Greg Hope- A rewarding career!

Greg Hope is a highly experienced HR specialist- who has the honour of being Interregna’s longest-running placement. More of that later, but suffice it to say his career ranges from British Leyland back in the 1970’s and major financial institutions such as Bank of America and Standard Chartered Bank more recently. An economics graduate and Fellow of the Chartered Institute of Personal Development, Greg became an interim manager for personal reasons: “Having left a major consulting firm at 52, I really did not fancy going through the recruitment round and joining another employer. I became a consultant first, and then an interim to see how it went… It affords me a great variety of work across different types of businesses. I also get to meet and work with a variety of people, especially within HR, which is challenging and fun”. When he’s not working, Greg can be found renovating his new gite in central France, apparently water-skiing on a local lake there, and improving his Excel skills (useful for working out benefits packages…), though not at the same time.
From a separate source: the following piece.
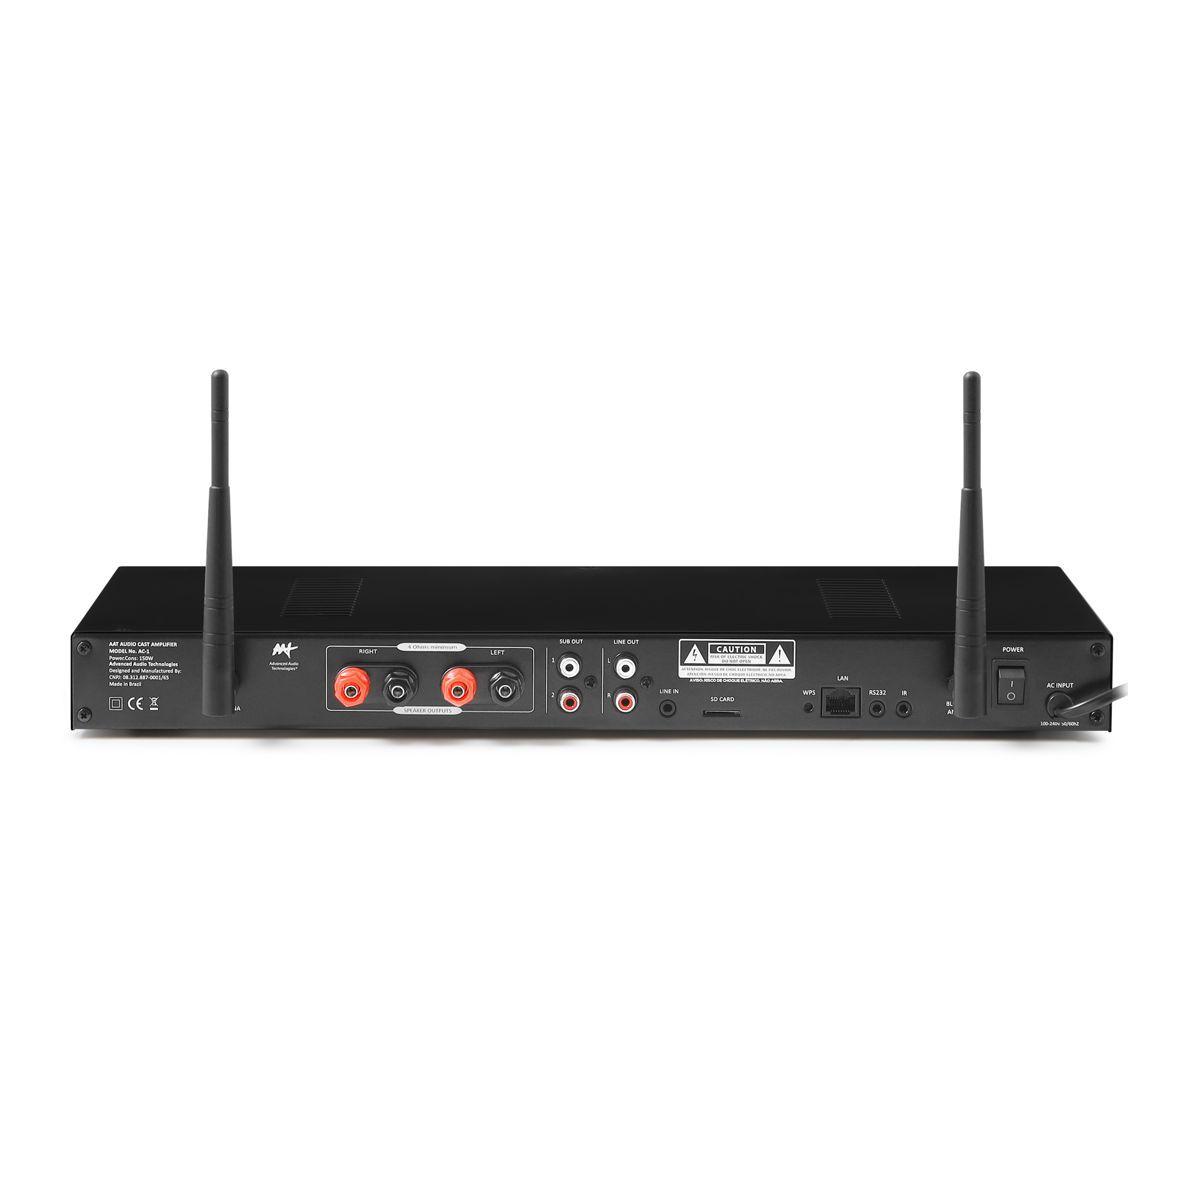 Kit Som Ambiente Amplificador Multimídia Wi-Fi 1 Zona AC-1 AAT + 4 Caixa de Embutir LR-E100 AAT

Interregna’s longest commission

We ought to qualify that Greg’s record-breaking three-year interim placement had started out as three-to-six months. The role was to be challenging; managing the movement of some staff from a government-funded enterprise into a global joint venture, hiring new staff and handling some redundancies too. There were extensive international HR and reward issues, with around 100 employees across 12 locations in Latin America, Africa and the Far East. All required annual pay reviews and incentive schemes.
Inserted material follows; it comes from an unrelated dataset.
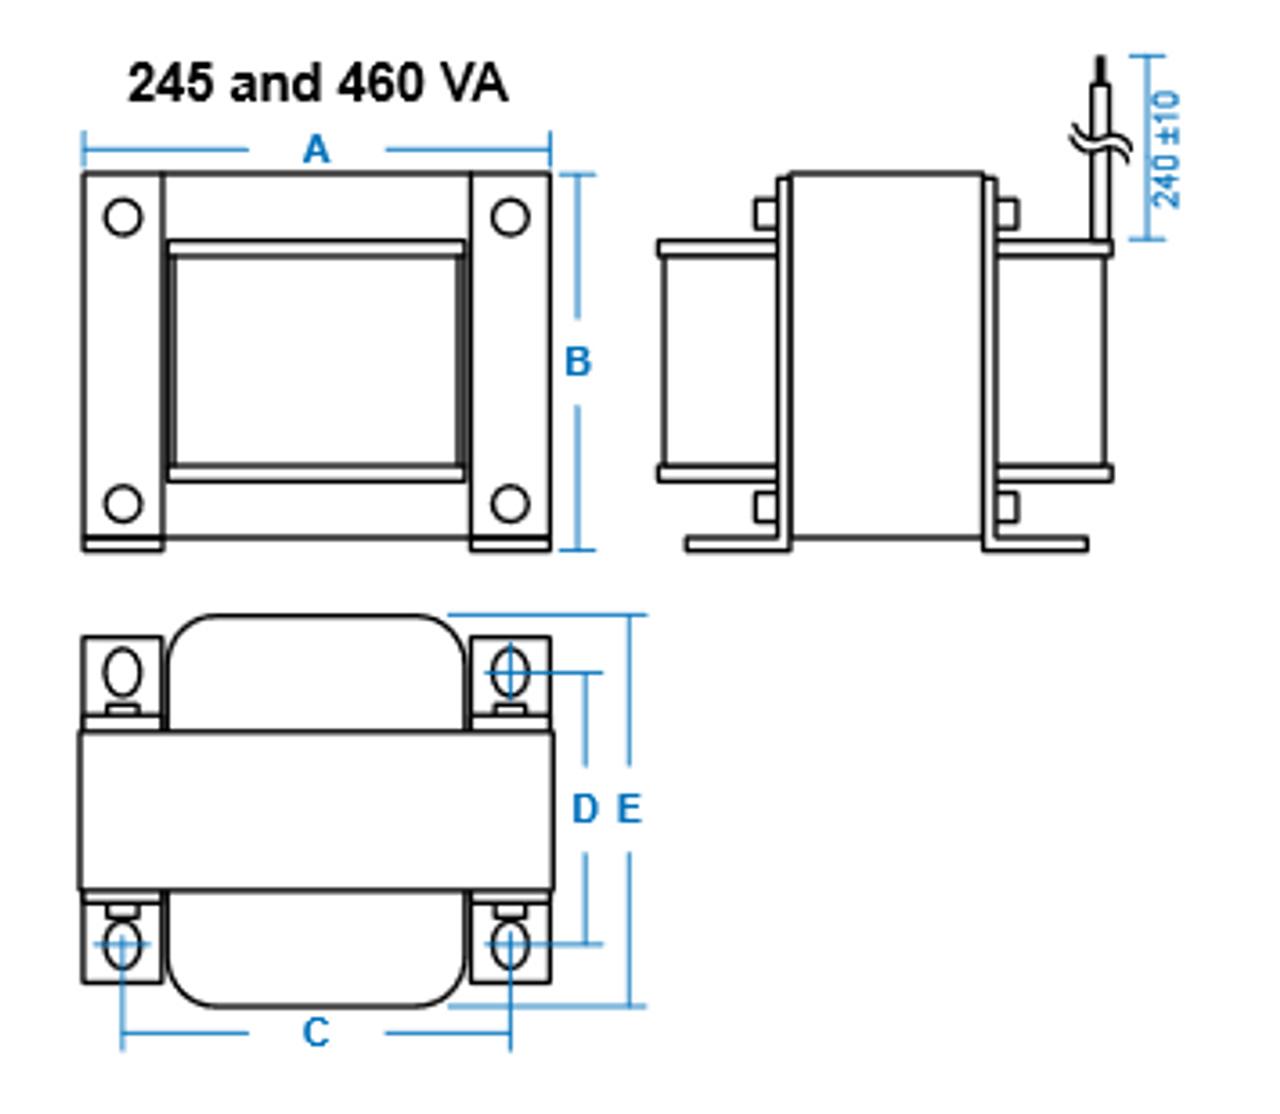 trp 480 347 277 series 460va dimensions  [ 1280 x 1114 Pixel ]

These intricate but finite projects are of course ideal for the attentions of a good interim manager, and Greg was drafted in. Yet as each project ended, another came into view: “The compensation manager resigned, so I was asked to stay on to handle compensation administration for probably another six months.” Greg handled salary surveys, pay reviews and the annual bonus cycle, and as the structure of the company underwent radical change from the summer of 2002, handled a workload of line HR as well as his stock-in trade of project implementation. “It was only after I had my first leaving party – I eventually had three – that my ‘interim’ status became well known. My ‘leaving’ in fact rapidly became an internal joke!”

As well as his obvious project successes, Greg lists among his achievements being accepted by Directors and staff as more of an employee than just a temporary or interim executive; not of course only for his lengthy stay, but because of his commitment to the goals of the company.

Hot issues in HR

Greg summarises the nature of remuneration in typically simple and self-effacing fashion: ensuring staff are sufficiently well rewarded to avoid recruitment, retention and motivation problems. This requires constant monitoring of remuneration against competitors through surveys and consultancy feedback. Then:

incentive schemes, both annual and long-term must be developed which are sufficient to motivate staff
  deferral arrangements are needed to ensure staff are ‘locked-in’ to the business and suffer financially if they leave
  and all these may need to be expressed in the provision of flexible remuneration structures to meet key individuals’ personal requirements
  … again to ensure they are motivated to stay with the firm and to stretch themselves to contribute significantly to corporate results. It all sounds simple, but the regular appearance of reward stories in the press betrays its complexity in action.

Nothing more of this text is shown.